Dataset records
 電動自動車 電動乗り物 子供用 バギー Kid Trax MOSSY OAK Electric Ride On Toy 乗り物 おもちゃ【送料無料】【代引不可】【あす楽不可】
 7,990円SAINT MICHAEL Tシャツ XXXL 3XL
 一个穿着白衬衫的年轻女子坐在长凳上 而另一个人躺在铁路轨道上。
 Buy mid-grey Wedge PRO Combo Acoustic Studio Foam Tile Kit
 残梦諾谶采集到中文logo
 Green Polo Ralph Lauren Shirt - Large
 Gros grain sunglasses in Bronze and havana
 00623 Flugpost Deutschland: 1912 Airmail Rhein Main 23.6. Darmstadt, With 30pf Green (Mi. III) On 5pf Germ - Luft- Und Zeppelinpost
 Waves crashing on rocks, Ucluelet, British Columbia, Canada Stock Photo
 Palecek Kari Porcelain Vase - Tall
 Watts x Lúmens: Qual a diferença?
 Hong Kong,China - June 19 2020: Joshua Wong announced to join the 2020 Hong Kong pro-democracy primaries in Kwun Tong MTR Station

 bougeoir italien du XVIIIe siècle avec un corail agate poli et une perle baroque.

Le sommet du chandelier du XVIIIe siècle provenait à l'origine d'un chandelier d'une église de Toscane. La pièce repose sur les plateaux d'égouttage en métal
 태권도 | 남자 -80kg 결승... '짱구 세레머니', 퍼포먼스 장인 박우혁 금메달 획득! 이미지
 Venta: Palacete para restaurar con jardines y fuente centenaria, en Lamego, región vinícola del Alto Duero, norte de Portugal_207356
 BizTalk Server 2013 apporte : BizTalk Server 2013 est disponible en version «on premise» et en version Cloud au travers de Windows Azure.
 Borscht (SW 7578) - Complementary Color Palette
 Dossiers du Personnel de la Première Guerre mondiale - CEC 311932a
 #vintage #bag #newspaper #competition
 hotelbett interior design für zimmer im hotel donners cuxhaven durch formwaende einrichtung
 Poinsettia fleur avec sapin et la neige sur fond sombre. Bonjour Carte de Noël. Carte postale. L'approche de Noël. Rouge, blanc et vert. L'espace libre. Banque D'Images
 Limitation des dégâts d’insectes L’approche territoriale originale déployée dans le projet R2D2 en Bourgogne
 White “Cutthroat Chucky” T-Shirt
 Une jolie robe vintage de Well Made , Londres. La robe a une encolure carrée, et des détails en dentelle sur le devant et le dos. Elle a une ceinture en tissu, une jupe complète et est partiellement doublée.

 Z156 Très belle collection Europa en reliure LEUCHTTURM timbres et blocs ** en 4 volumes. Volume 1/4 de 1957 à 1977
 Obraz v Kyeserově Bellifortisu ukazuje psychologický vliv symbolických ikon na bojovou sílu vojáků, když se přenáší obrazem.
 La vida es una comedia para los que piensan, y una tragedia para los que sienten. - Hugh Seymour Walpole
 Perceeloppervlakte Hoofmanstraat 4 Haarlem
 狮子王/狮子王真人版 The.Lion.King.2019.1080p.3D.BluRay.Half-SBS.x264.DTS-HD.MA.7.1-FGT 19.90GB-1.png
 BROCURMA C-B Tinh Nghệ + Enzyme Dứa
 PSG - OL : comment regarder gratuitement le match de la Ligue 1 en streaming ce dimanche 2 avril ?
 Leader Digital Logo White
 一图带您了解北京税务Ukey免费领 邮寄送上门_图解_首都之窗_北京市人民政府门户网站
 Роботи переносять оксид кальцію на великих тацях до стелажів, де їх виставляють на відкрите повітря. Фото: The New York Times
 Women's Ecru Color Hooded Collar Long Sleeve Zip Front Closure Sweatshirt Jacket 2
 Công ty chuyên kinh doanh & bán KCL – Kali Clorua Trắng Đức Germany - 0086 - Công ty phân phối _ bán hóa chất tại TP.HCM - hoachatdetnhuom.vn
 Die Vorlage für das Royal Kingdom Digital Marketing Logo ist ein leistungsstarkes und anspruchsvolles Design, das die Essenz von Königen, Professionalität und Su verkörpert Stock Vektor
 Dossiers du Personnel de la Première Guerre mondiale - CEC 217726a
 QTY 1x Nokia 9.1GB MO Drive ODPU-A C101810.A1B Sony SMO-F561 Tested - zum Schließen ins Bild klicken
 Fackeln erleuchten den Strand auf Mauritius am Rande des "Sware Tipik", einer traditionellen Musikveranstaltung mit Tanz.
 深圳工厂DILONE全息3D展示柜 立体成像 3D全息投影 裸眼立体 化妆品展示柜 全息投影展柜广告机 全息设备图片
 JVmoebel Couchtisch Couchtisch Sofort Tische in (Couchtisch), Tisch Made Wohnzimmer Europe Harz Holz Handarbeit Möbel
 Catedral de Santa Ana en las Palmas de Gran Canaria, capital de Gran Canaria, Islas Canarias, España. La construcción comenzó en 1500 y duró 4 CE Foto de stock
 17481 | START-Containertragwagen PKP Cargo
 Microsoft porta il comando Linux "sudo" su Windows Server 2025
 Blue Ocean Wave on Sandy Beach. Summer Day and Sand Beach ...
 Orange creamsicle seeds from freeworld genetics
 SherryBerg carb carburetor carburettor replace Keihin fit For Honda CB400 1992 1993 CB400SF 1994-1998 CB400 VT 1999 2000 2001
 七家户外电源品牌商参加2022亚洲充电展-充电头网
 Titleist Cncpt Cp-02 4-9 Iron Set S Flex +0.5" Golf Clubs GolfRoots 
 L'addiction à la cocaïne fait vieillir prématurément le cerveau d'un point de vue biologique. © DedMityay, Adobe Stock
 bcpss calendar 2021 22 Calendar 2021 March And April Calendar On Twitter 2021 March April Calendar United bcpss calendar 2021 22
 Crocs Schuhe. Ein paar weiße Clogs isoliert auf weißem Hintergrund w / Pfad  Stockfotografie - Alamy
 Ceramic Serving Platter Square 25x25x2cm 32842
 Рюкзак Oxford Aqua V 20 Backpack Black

* [EXERCISE REQUIREMENTS]
Out of the entries, report each line that contains the word "para".

* [EXERCISE RESPONSE]
 Venta: Palacete para restaurar con jardines y fuente centenaria, en Lamego, región vinícola del Alto Duero, norte de Portugal_207356
 La vida es una comedia para los que piensan, y una tragedia para los que sienten. - Hugh Seymour Walpole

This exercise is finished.